Why is that?  Why can I remember the basic outcome and emotions I felt but nothing else from a book I read when I was 16?

The mechanics of the human memory system mean that I don't have a photographic or absolute memory of anything, and memories slowly erode over time, so that a once sharply contoured design becomes a smooth surfaced rock after enough washings. 

In many respects, that is what mars the entire human experience.  We simply don't have a perfect memory, and memories get distorted over time.  Eventually, only the general facts are remembered, or an emotional impression.  Nothing else. 

The problem of predicting the future is most possible through a keen understanding of human nature.  The details of history are soon forgotten even by those who experienced them.  Those who did not experience them, how could they possibly be expected to understand the future if they can't even understand the past.

As regards to the financial crisis, I think that an accurate prediction could have been easily made by people with a strong understanding of human nature and human history.  Those two are equally intertwined. 

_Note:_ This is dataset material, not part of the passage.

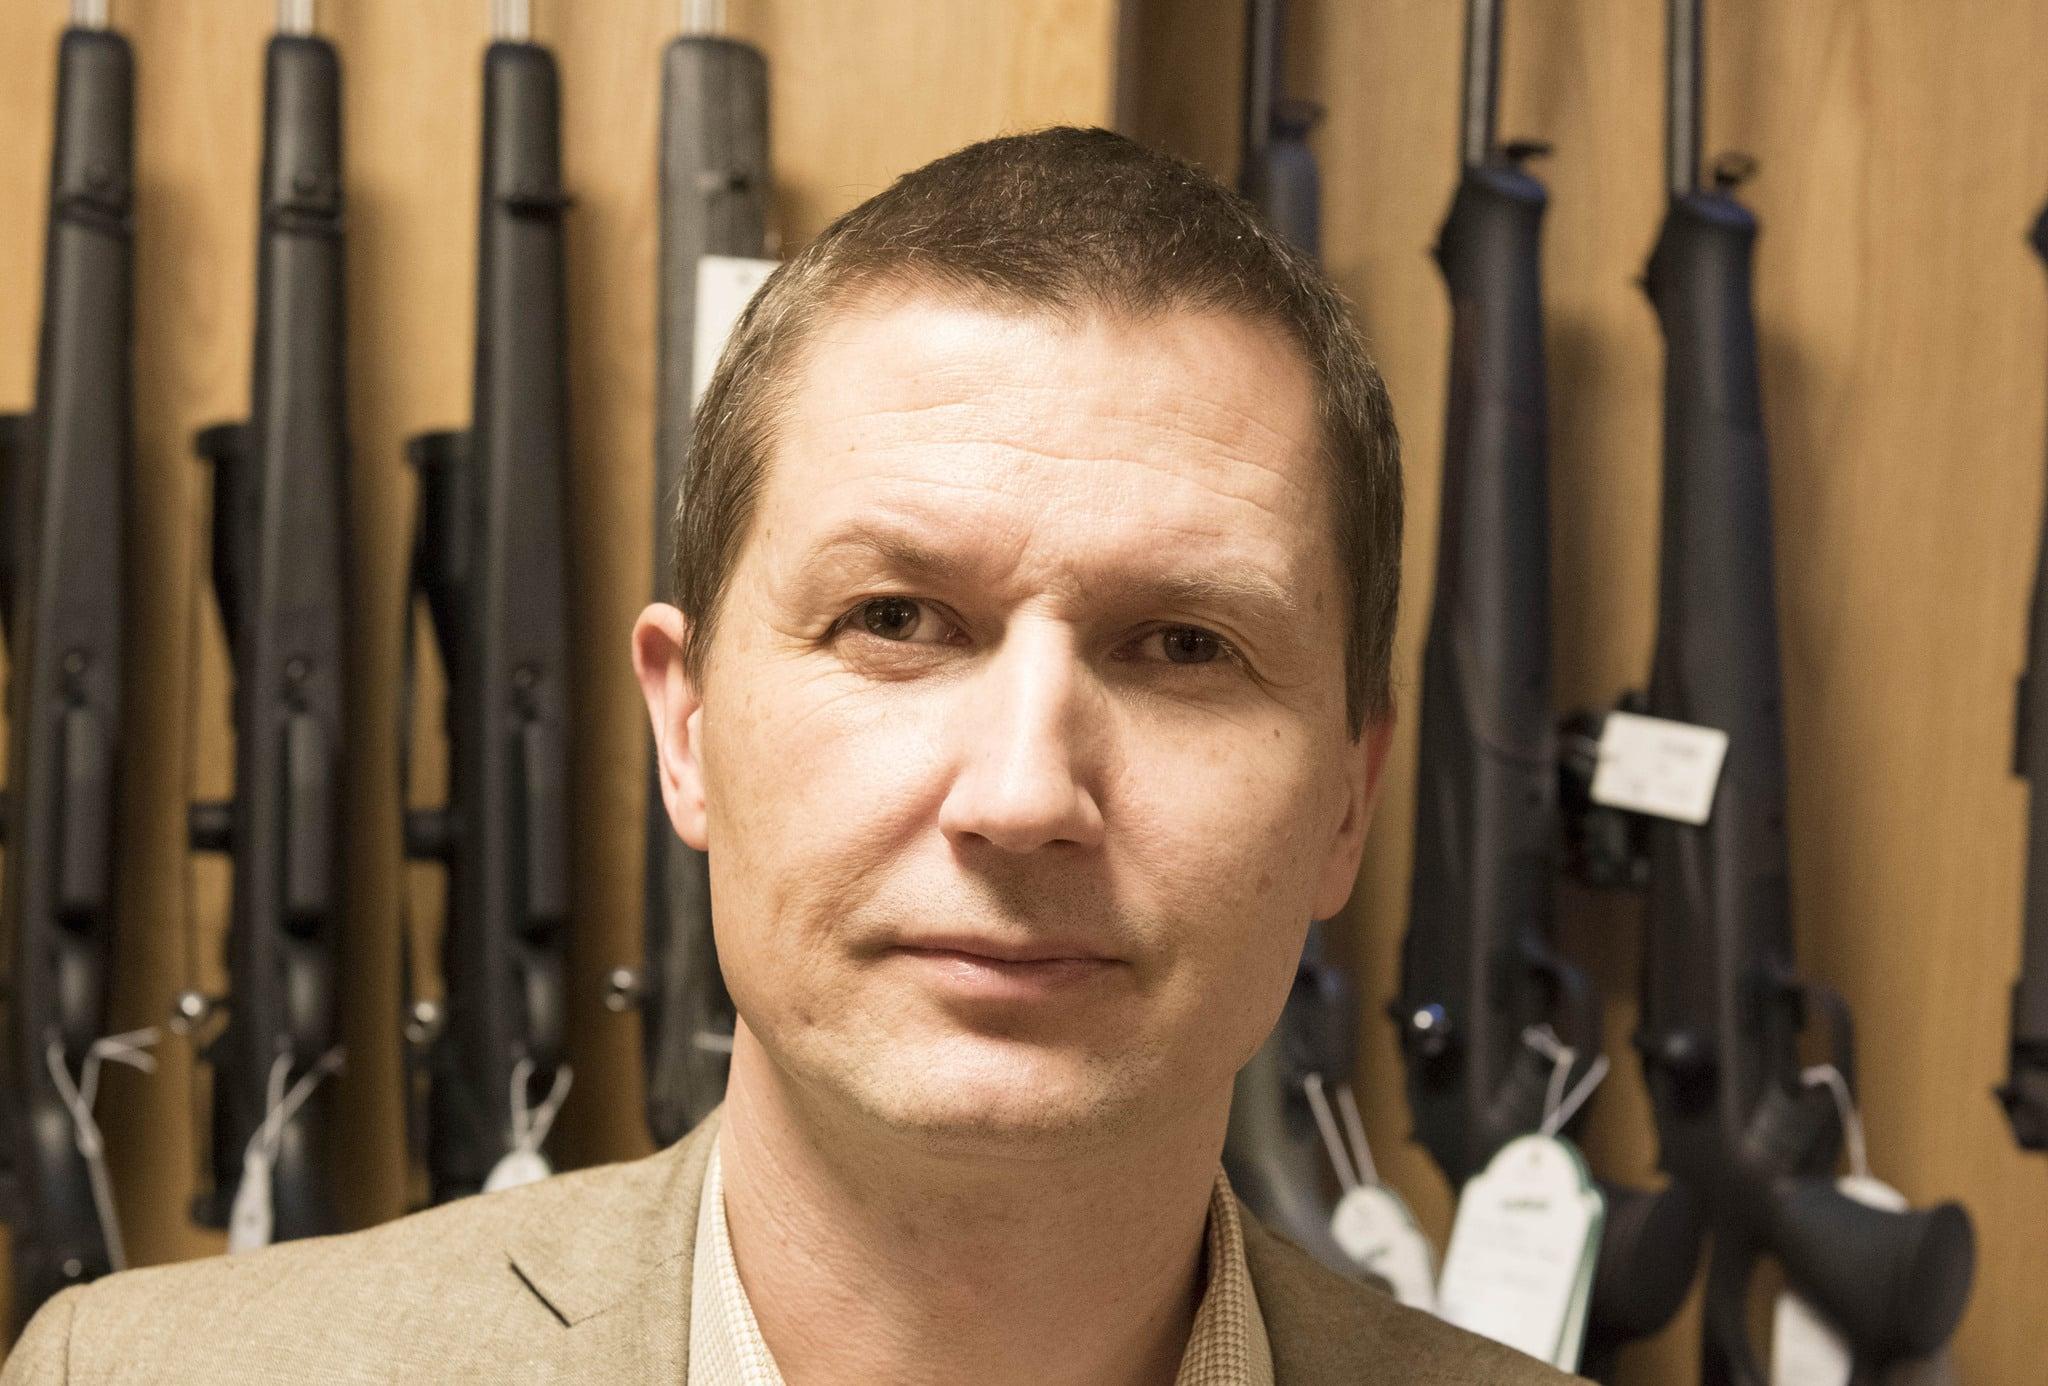 Jägareförbundets jurist Ola Wälimaa menar att Naturvårdsverket måste göra många justeringar i sitt förslag om regler för jaktvapen.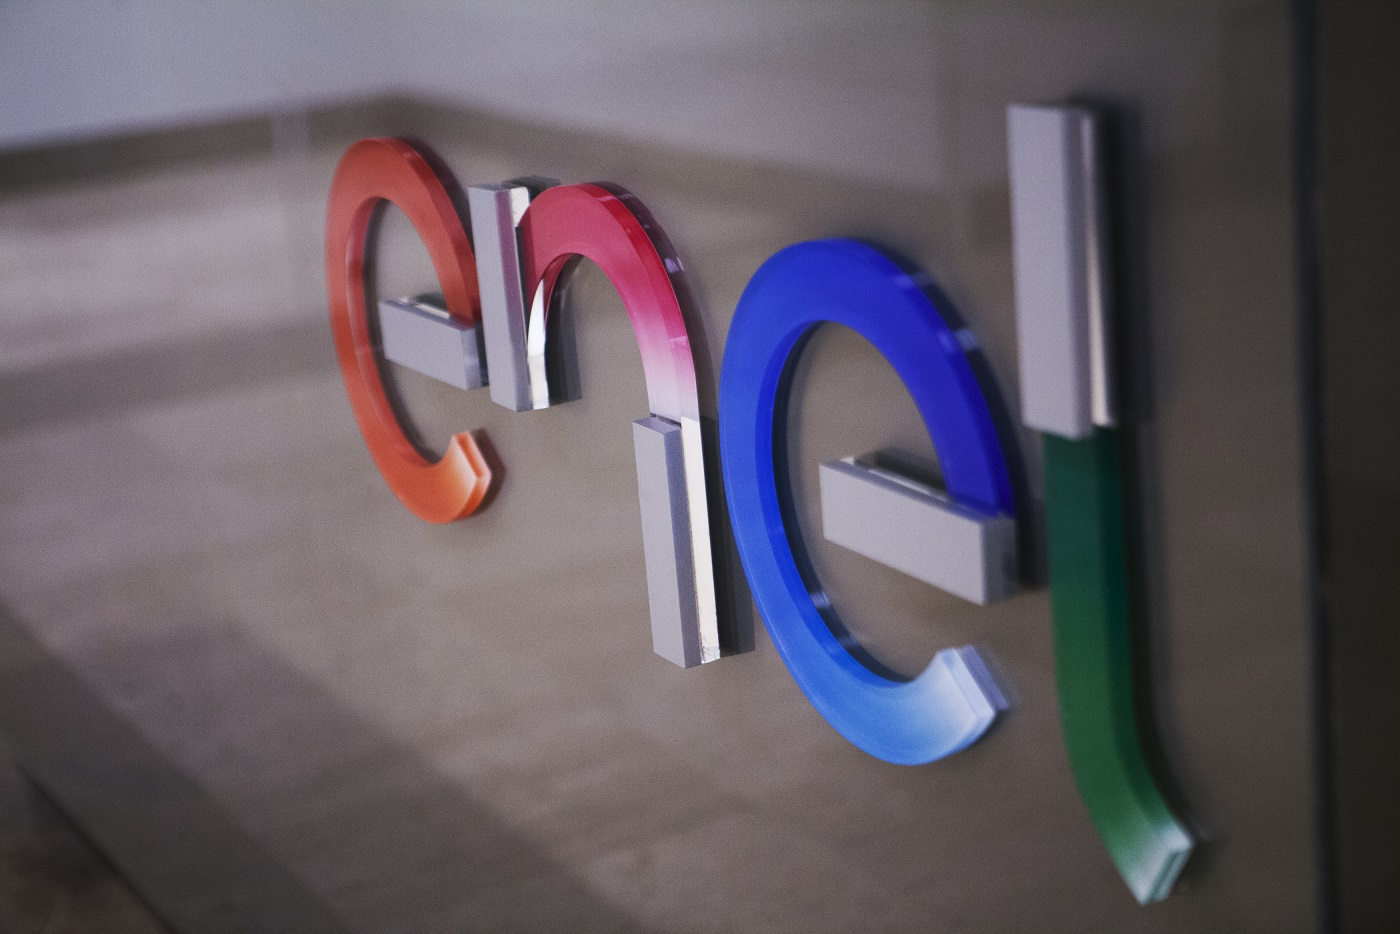 """Enel, Schneider Electric și Forumul Economic Mondial raportul """"Orașe cu zero emisii nete de carbon: O abordare integrată"""""""

Another problem is that human history has no beginning.  It is a continuum, with each action echoing down through eternity.  The root causes of major actions are never discreetly definable because each of those causes has its own separate causes, which could be said to have made the major action inevitable. 

It is a very Tolstoy perspective on human history to believe that everything is virtually inevitable and all the talking heads and political leaders are no more guiders of history as they are the victims of it, the illusion of control something we all share because to admit that we have no control over our environment is a solipsist perspective, which we all (hopefully) grew out of.